看起来好像在 Amazon AMI(最新版本)上忽略了该resolv.conf
选项。考虑以下情况:use-vc
2016.09
[hadoop@ip-172-20-40-202 ~]$ cat /etc/resolv.conf
search default.svc.cluster.local svc.cluster.local cluster.local ec2.internal
options use-vc ndots:5 timeout:2 attempts:5
nameserver 172.20.53.184
nameserver 172.20.0.2
如果我nslookup
以交互方式使用,强制通过 TCP 使用set vc
,则查询工作完全按预期进行:
[hadoop@ip-172-20-40-202 ~]$ nslookup
> set vc
> kafka.default.svc.cluster.local
;; Got recursion not available from 172.20.53.184, trying next server
;; Got recursion not available from 172.20.53.184, trying next server
;; Got recursion not available from 172.20.53.184, trying next server
Server: 172.20.53.184
Address: 172.20.53.184#53
Name: kafka.default.svc.cluster.local
Address: 100.96.14.2
Name: kafka.default.svc.cluster.local
Address: 100.96.7.2
Name: kafka.default.svc.cluster.local
Address: 100.96.13.2
> kafka
Server: 172.20.53.184
Address: 172.20.53.184#53
Name: kafka.default.svc.cluster.local
Address: 100.96.14.2
Name: kafka.default.svc.cluster.local
Address: 100.96.7.2
Name: kafka.default.svc.cluster.local
Address: 100.96.13.2
> exit
然而,如果任其发展,nslookup
就会失败:
[hadoop@ip-172-20-40-202 ~]$ nslookup kafka.default.svc.cluster.local
Server: 172.20.0.2
Address: 172.20.0.2#53
** server can't find kafka.default.svc.cluster.local: NXDOMAIN
与 相同dig
。
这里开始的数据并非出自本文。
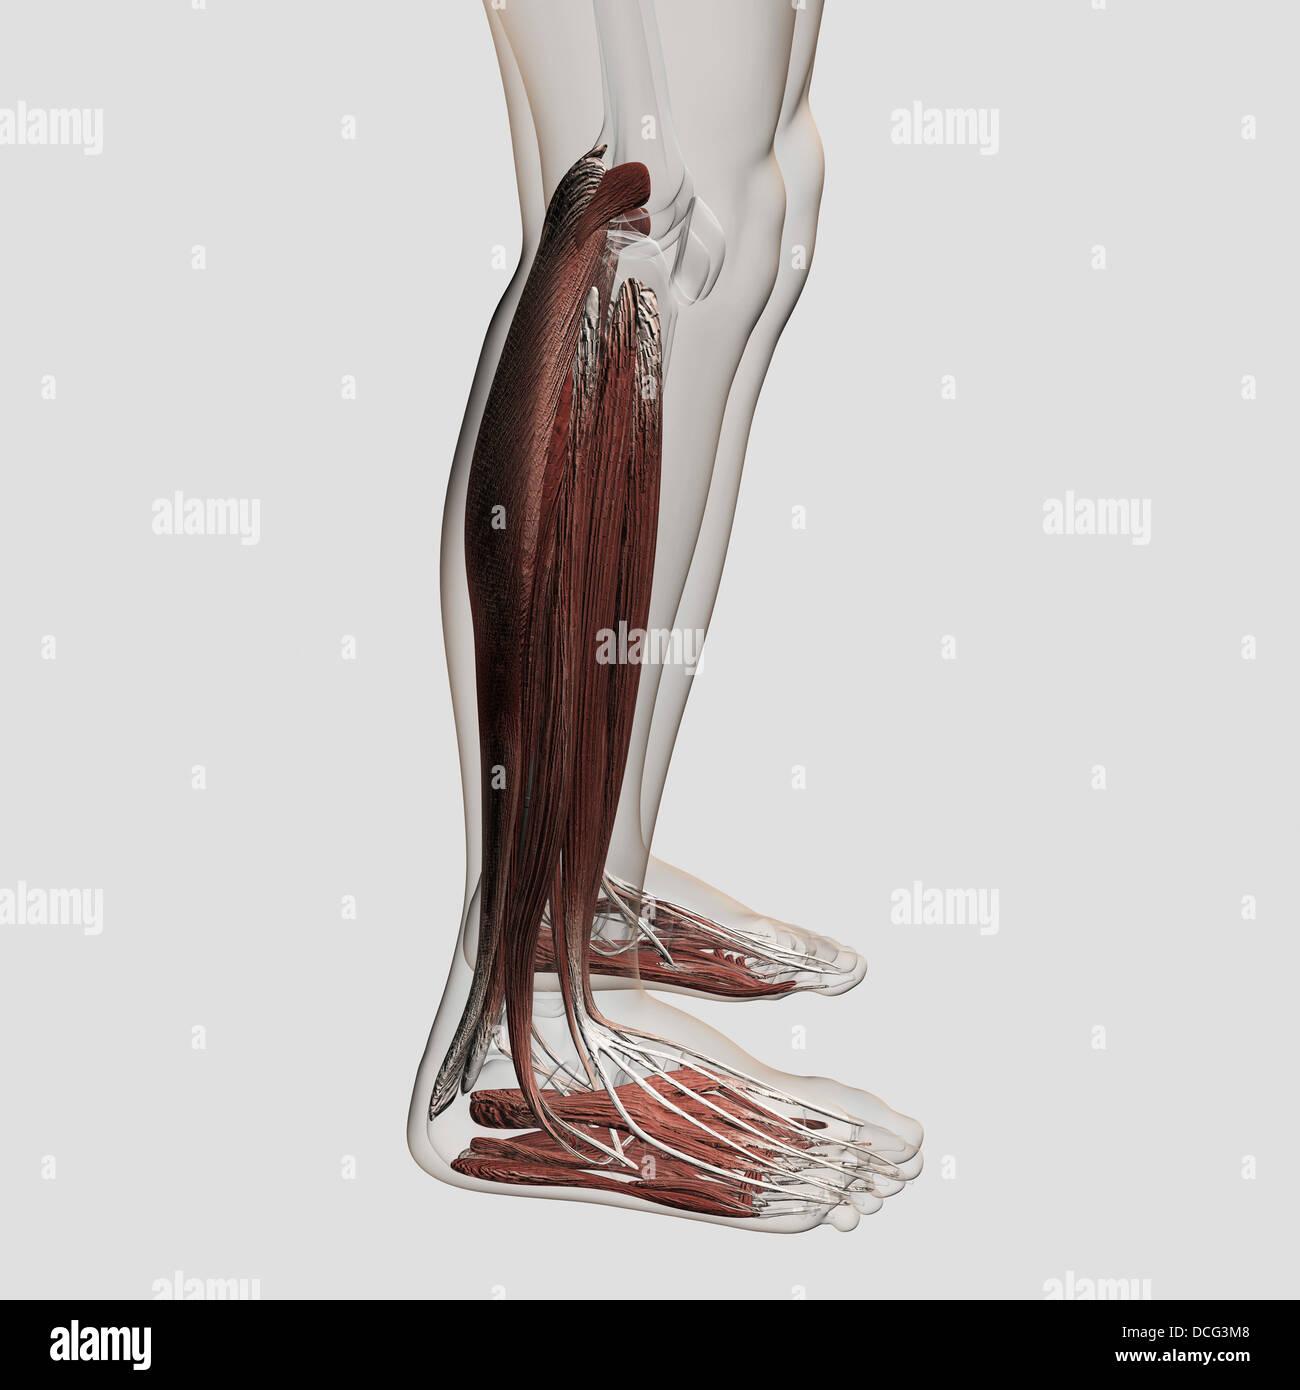 Muscle anatomie de l'homme les droits de l'jambes, vue antérieure. Photo Stock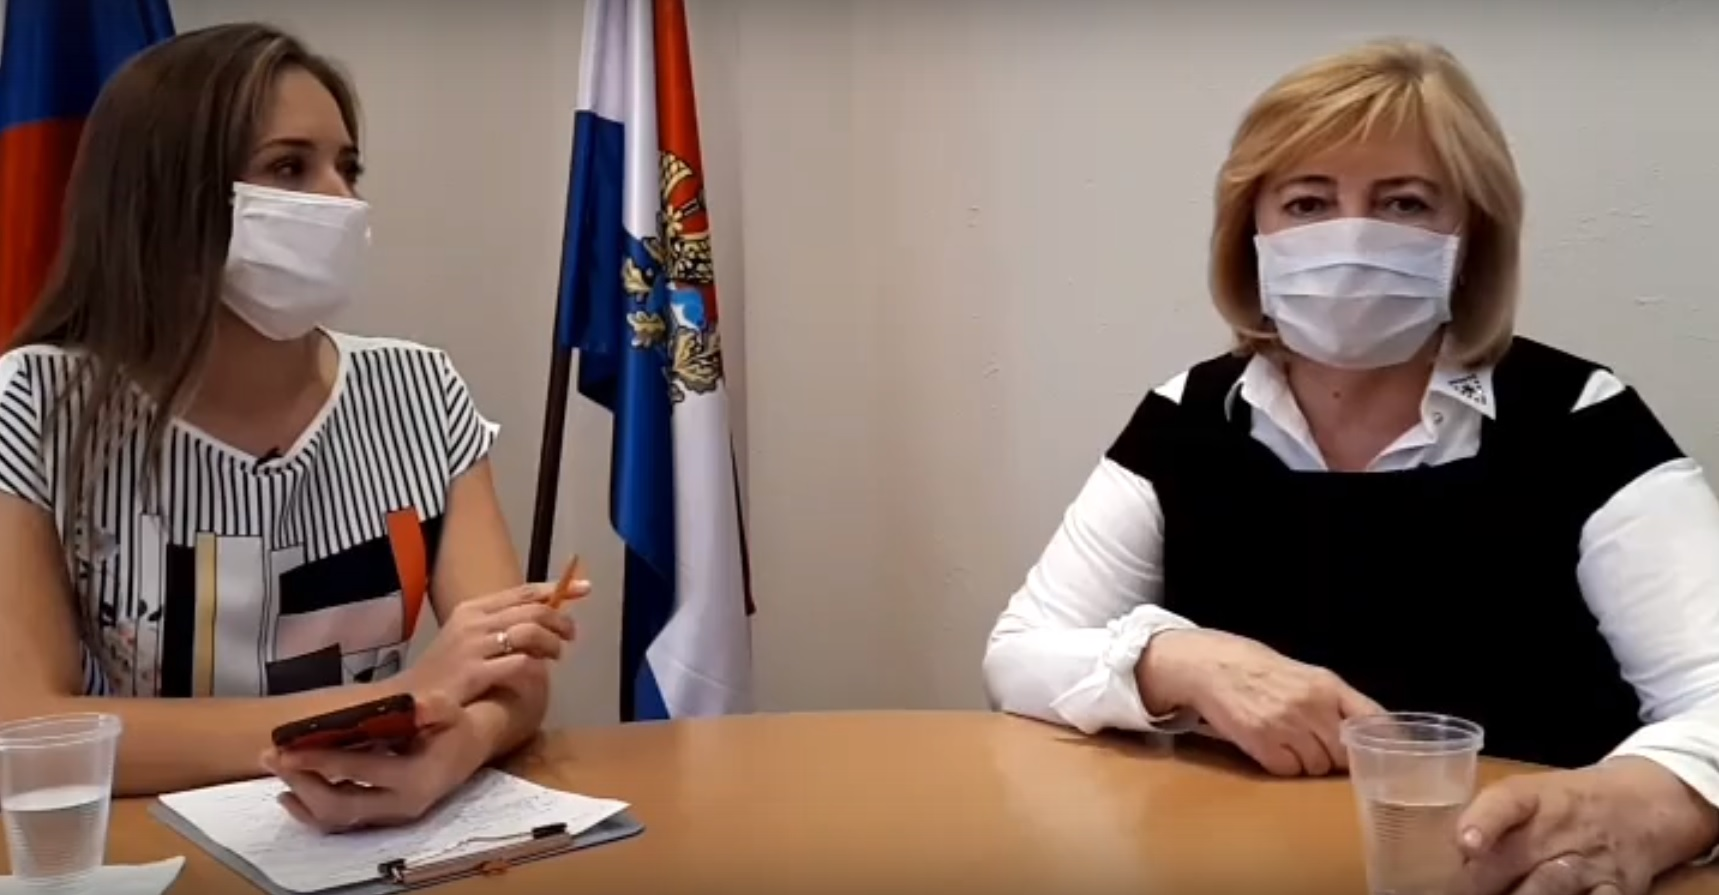 Самарский экс-министр здравоохранения рассказала, как болела коронавирусом

强制 TCP 按预期工作:
[hadoop@ip-172-20-40-202 ~]$ dig +vc kafka.default.svc.cluster.local
; <<>> DiG 9.8.2rc1-RedHat-9.8.2-0.47.rc1.52.amzn1 <<>> +vc kafka.default.svc.cluster.local
;; global options: +cmd
;; Got answer:
;; ->>HEADER<<- opcode: QUERY, status: NOERROR, id: 55634
;; flags: qr aa rd ra; QUERY: 1, ANSWER: 3, AUTHORITY: 0, ADDITIONAL: 0
;; QUESTION SECTION:
;kafka.default.svc.cluster.local. IN A
;; ANSWER SECTION:
kafka.default.svc.cluster.local. 30 IN A 100.96.13.2
kafka.default.svc.cluster.local. 30 IN A 100.96.14.2
kafka.default.svc.cluster.local. 30 IN A 100.96.7.2
;; Query time: 2 msec
;; SERVER: 172.20.53.184#53(172.20.53.184)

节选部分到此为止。